### Source material
⁂

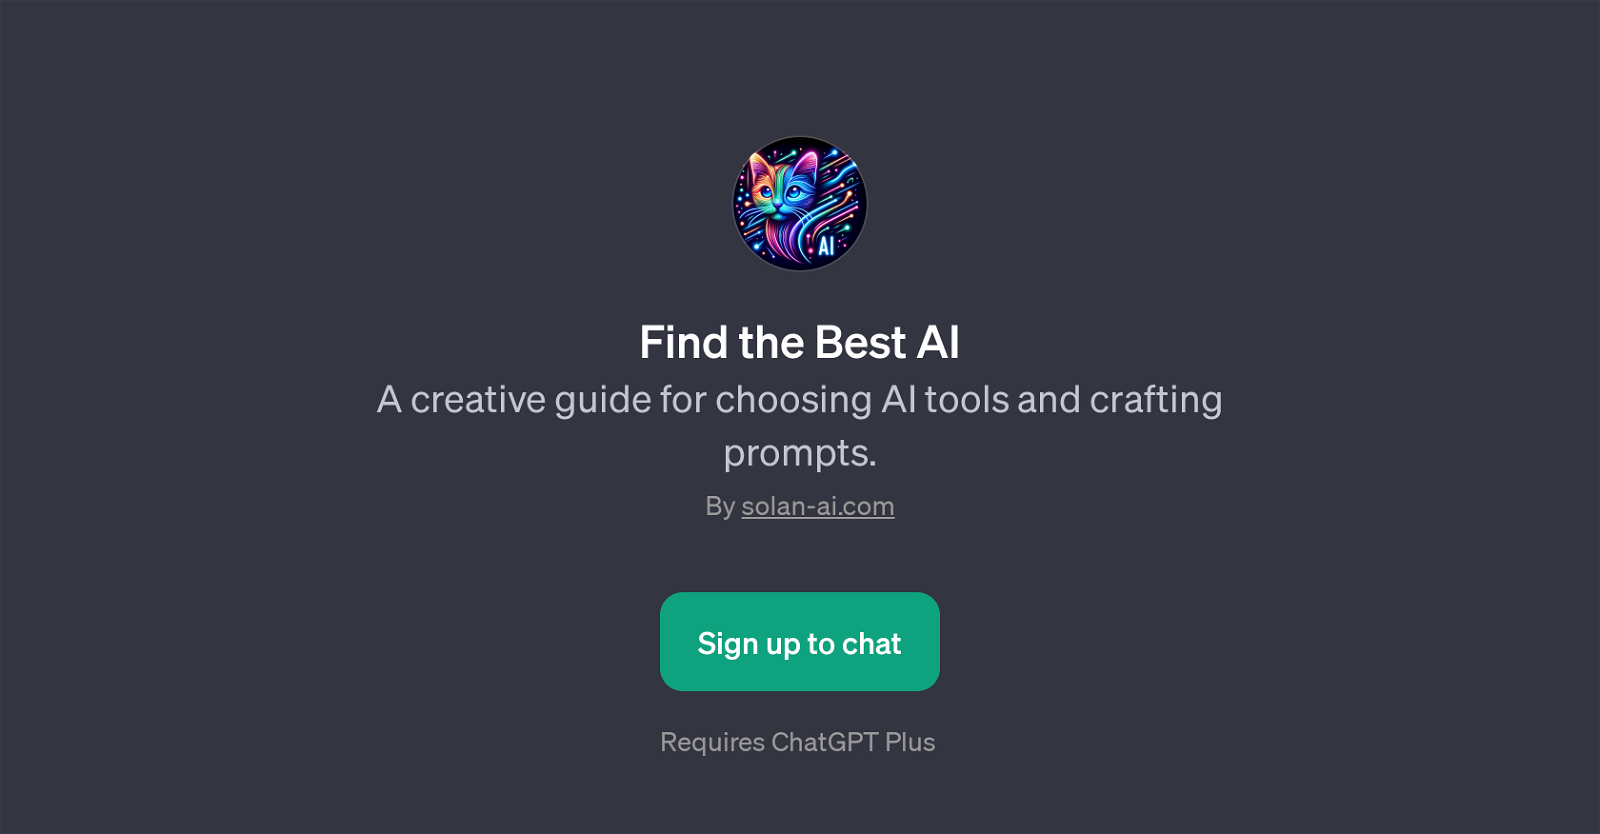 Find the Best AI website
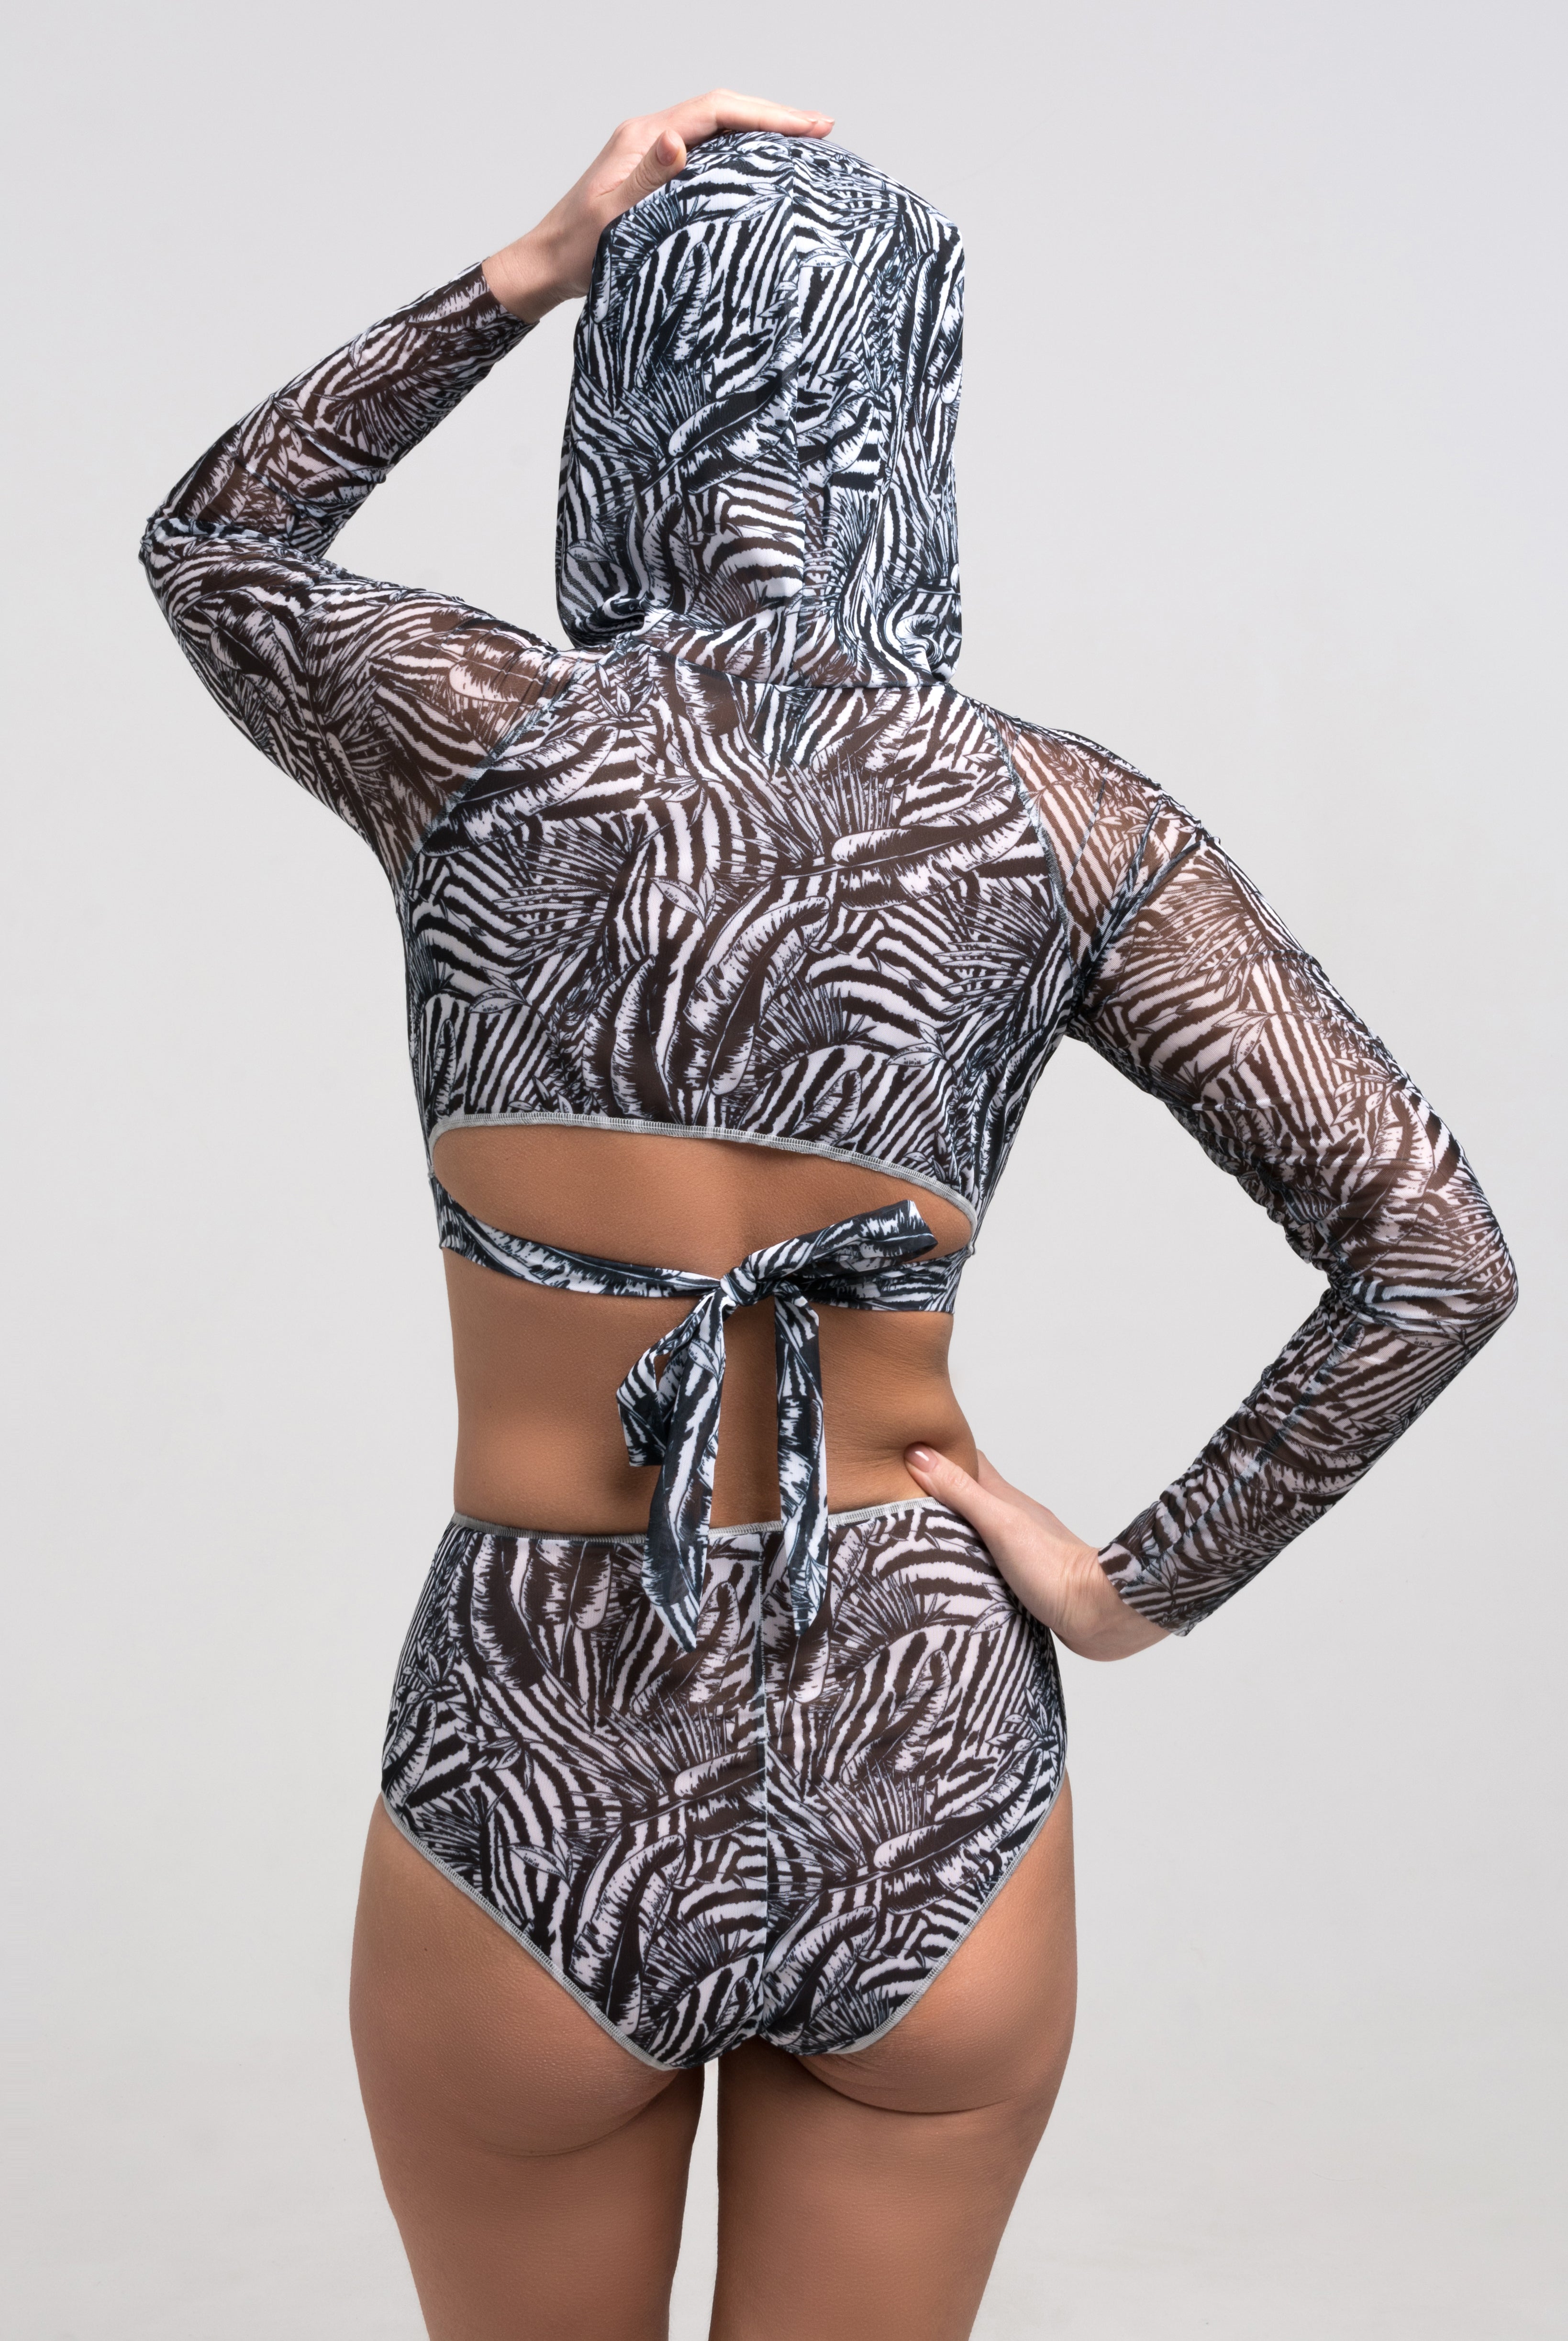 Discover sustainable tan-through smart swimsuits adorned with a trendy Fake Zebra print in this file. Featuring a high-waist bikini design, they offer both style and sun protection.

⁂

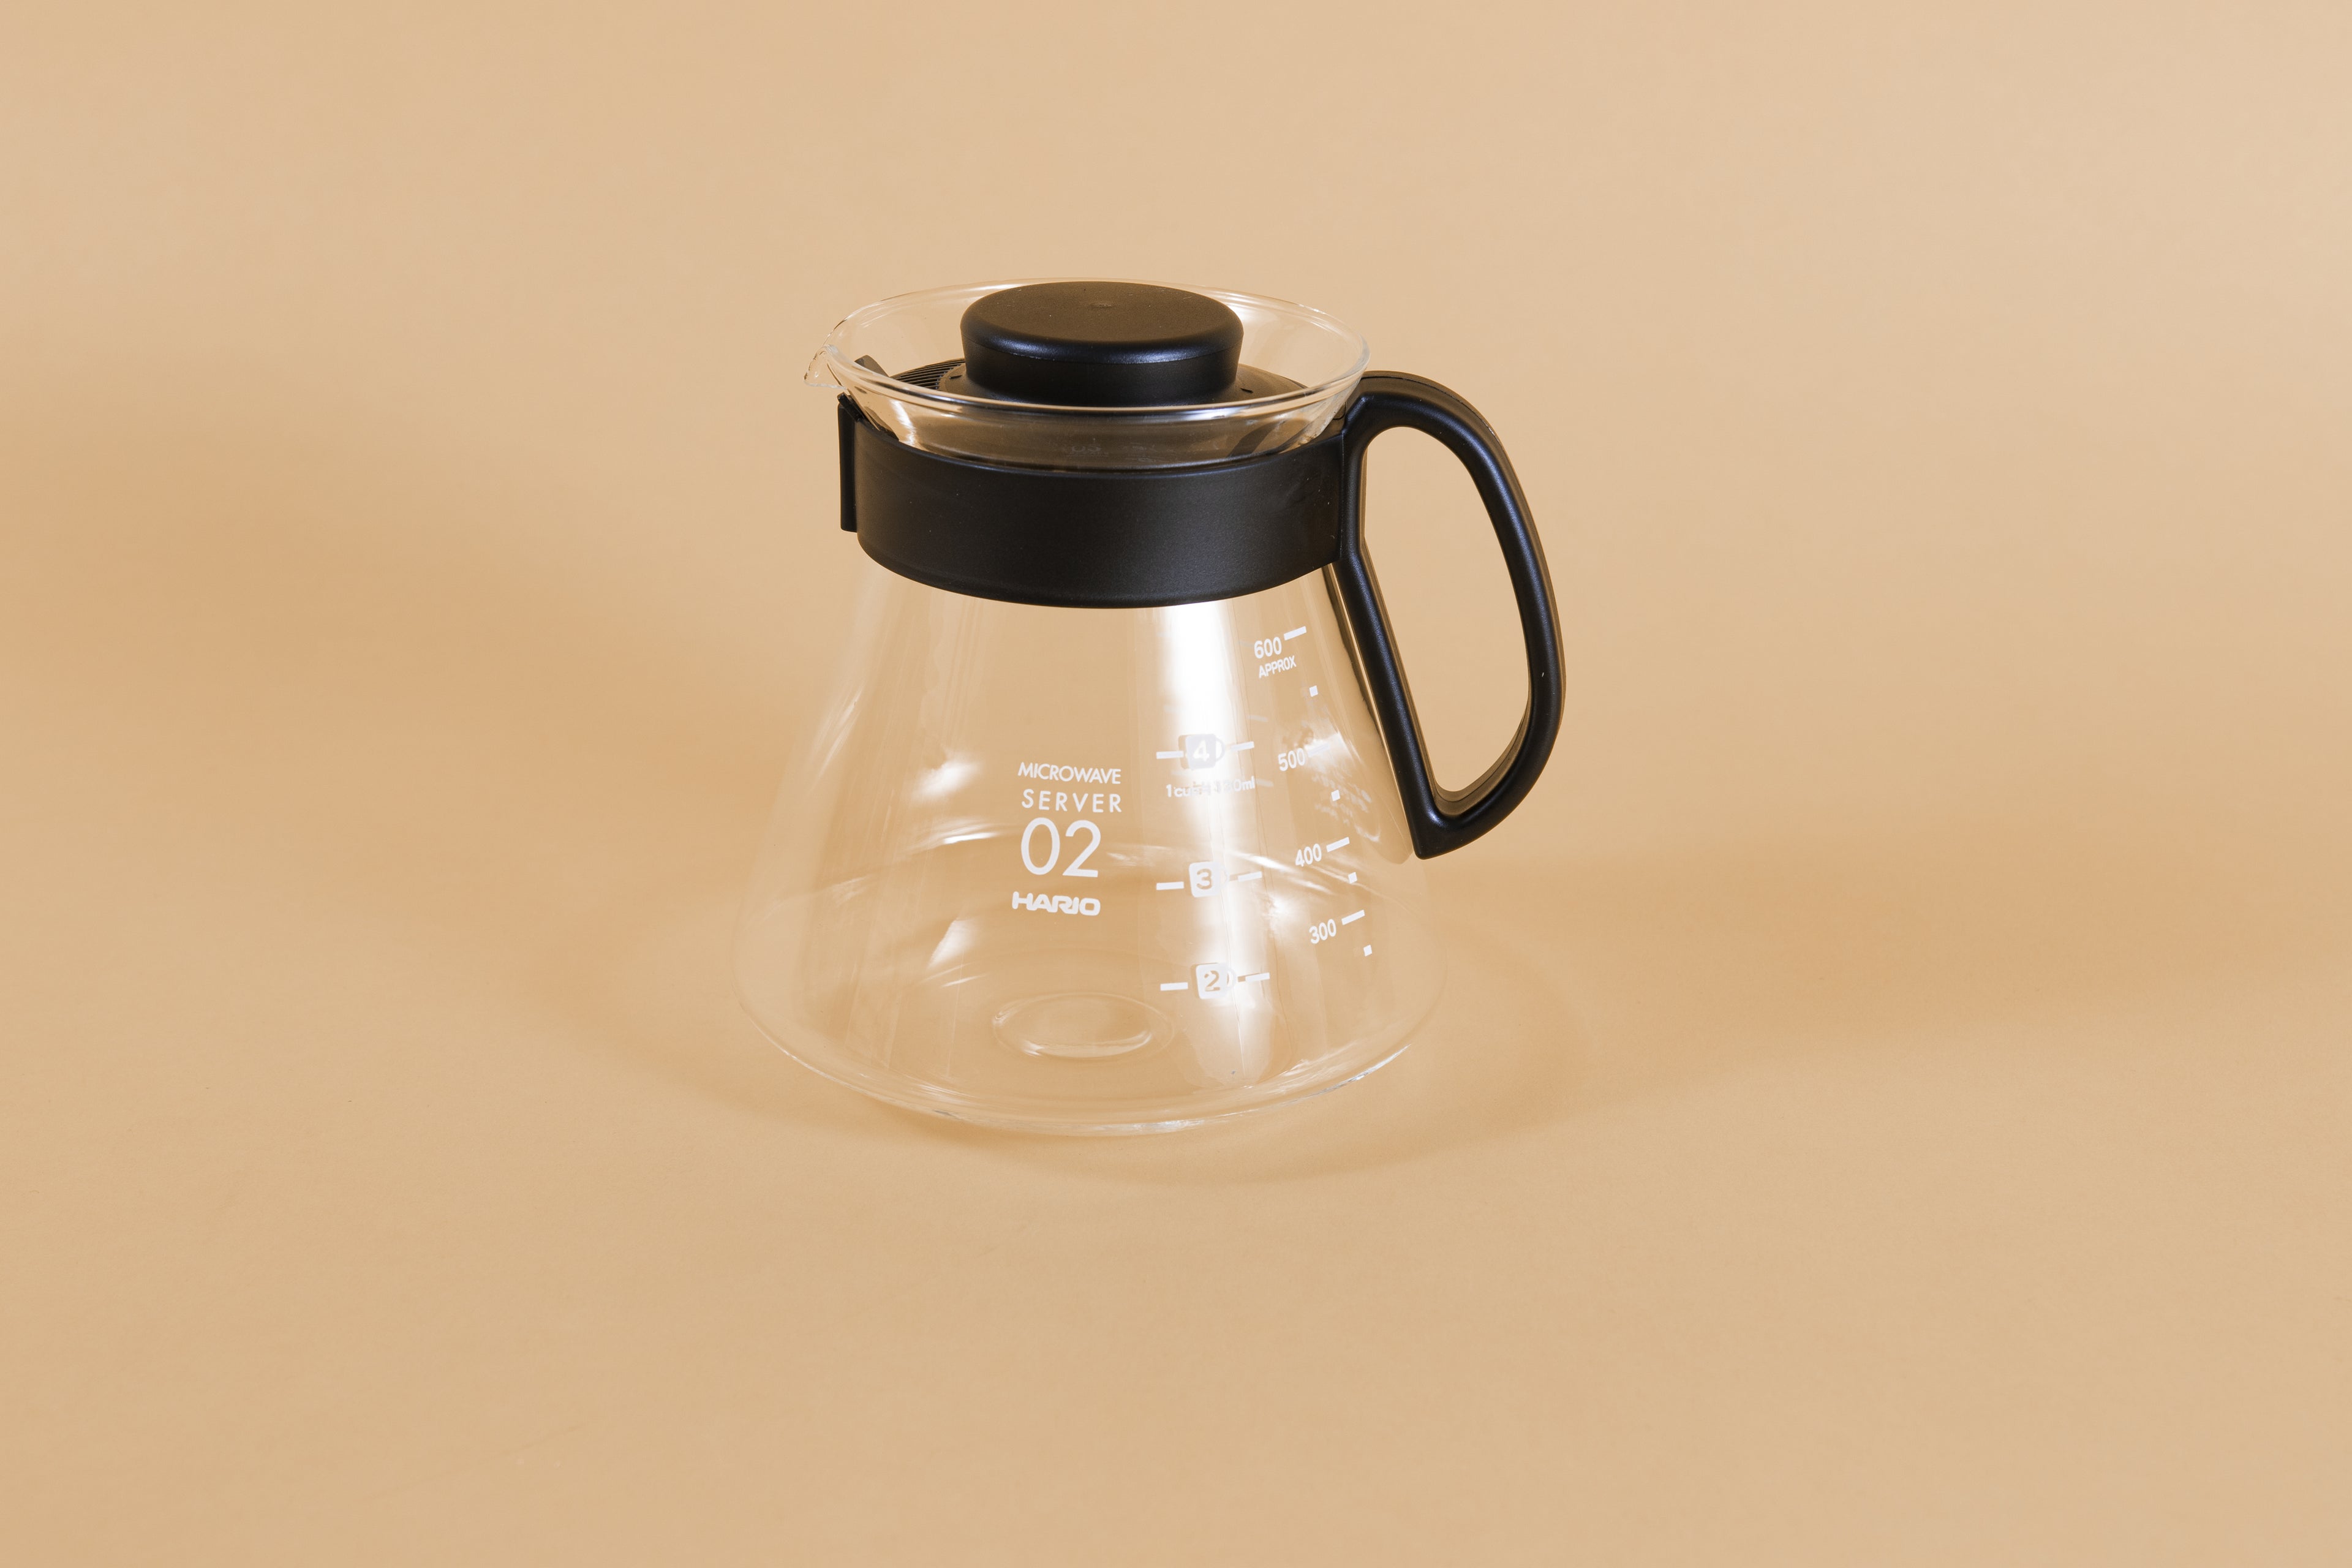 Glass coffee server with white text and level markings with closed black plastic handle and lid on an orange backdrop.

⁂

Starting with the line that has "Find the Best AI website" and ending with the line that has "Discover sustainable tan-through", repeat the lines above exactly, omitting every picture.

 Find the Best AI website
 Discover sustainable tan-through smart swimsuits adorned with a trendy Fake Zebra print in this file. Featuring a high-waist bikini design, they offer both style and sun protection.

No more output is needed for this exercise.